How deletes work in Neo4j

Neo4j uses logical deletes to delete from the database to achieve maximum performance and scalability. To understand how this might appear to an operator of the database, lets take a simple case of loading data into Neo4j. When you start loading data, you can see
the nodes are stored in a file called neostore.nodestore.db. As you keep loading, the file will keep growing.

However, once you start deleting nodes, you can verify that the file neostore.nodestore.db does not reduce in size. In fact, not only
does the size remain the same, but you will also start to see the file neostore.nodestore.db.**id** grow - and keep growing for all records deleted.

This happens because of id re-use. Deletes in Neo4j do not physically delete the records, but rather just flip the bit from available
to unavailable. We keep the deleted (but available to reuse) IDs in neostore.nodestore.db.**id**. This means the
neostore.nodestore.db.**id** file acts sort of like a "recycle bin" where it stores all the deleted ids.

Now you've deleted the data and neostore.nodestore.db is the same size as before the delete, the neostore.nodestore.db.**id** file is
larger than before the delete operation. How do you reclaim this space?

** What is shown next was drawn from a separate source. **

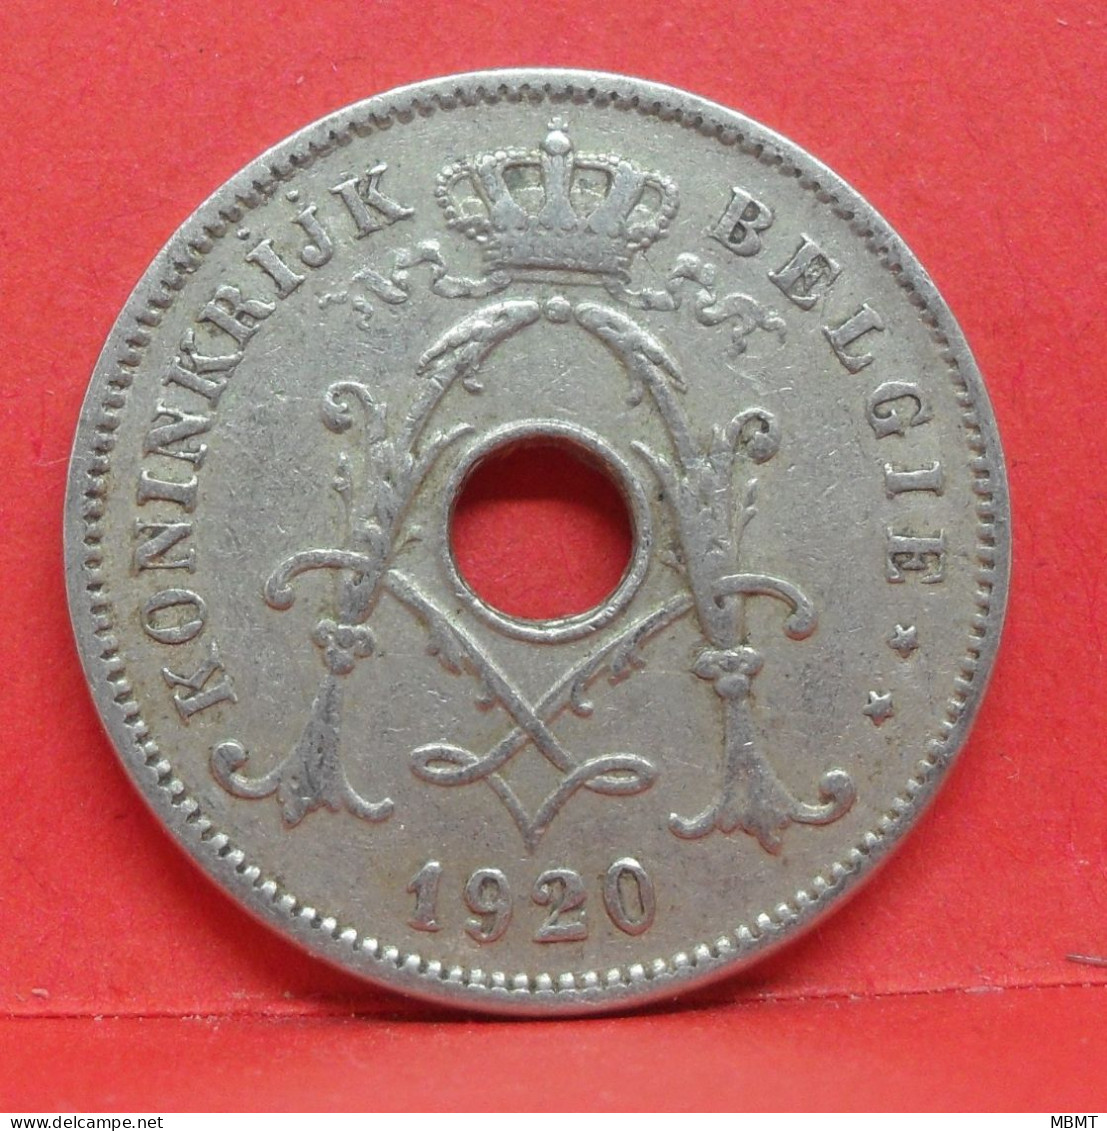 10 Centimes 1920 - TB - Pièce Monnaie Belgie - Article N°1859 - 10 Centimes

When you start loading new data after the deletes, Neo4j starts using the ids recorded in neostore.nodestore.db.**id** and thus the
neostore.nodestore.db file does not grow in size and the file neostore.nodestore.db.**id** starts decreasing until it's completely
empty.

If you do not plan to add more nodes but still want to shrink the size of the database on disk, you can use the
copy store util. This utility will read an offline database, copy it to a new one, and leave out data that is no longer in use (and also the list of eligible ids to re-use).


Large deletes can generate a lot of transaction logs. You should be aware of this when doing mass delete operations otherwise - ironically

  • your filesystem can potentially fill up.

Deleting the connected nodes changes the file sizes of two store files: neostore.nodestore.db.id and neostore.relationshipstore.db.id. The increase in size is much bigger with neostore.relationshipstore.db.id file. This may be the reason for the increase of your dump file to 4.25GB. If possible check these two store files for their sizes.

Deletes also seem to affect the size of dump files. A DB with about 18M nodes was producing dump files of about 2.5 GB. I deleted about 6M nodes, or about 33% of the data. The ID files in the DB only changed a small amount as described above. But the dump files are now nearly double their previous size, about 4.25 GB. Why is this? Can I expect the dump size to shrink as IDs are recycled?

I'm running Community Edition 4.4.3 on Mac.

There are several files that did grow significantly when I deleted a lot of data:
propertystore.db.id
relationshiptypescanstore.db
relationshipstore.db.id
propertystore.db.strings.id
nodestore.db.id
labelscanstore.db

The net growth of these was about 0.483GB while the growth of the dump file was about 1.980GB, or about 4x the file growth. Maybe there's some expansion as data converts from binary to ASCII in the dump, or something. It's not a problem, it's just surprising. It'll be intersting to see if the dump size stabilizes or shrinks as IDs are reused as the DB collects more data.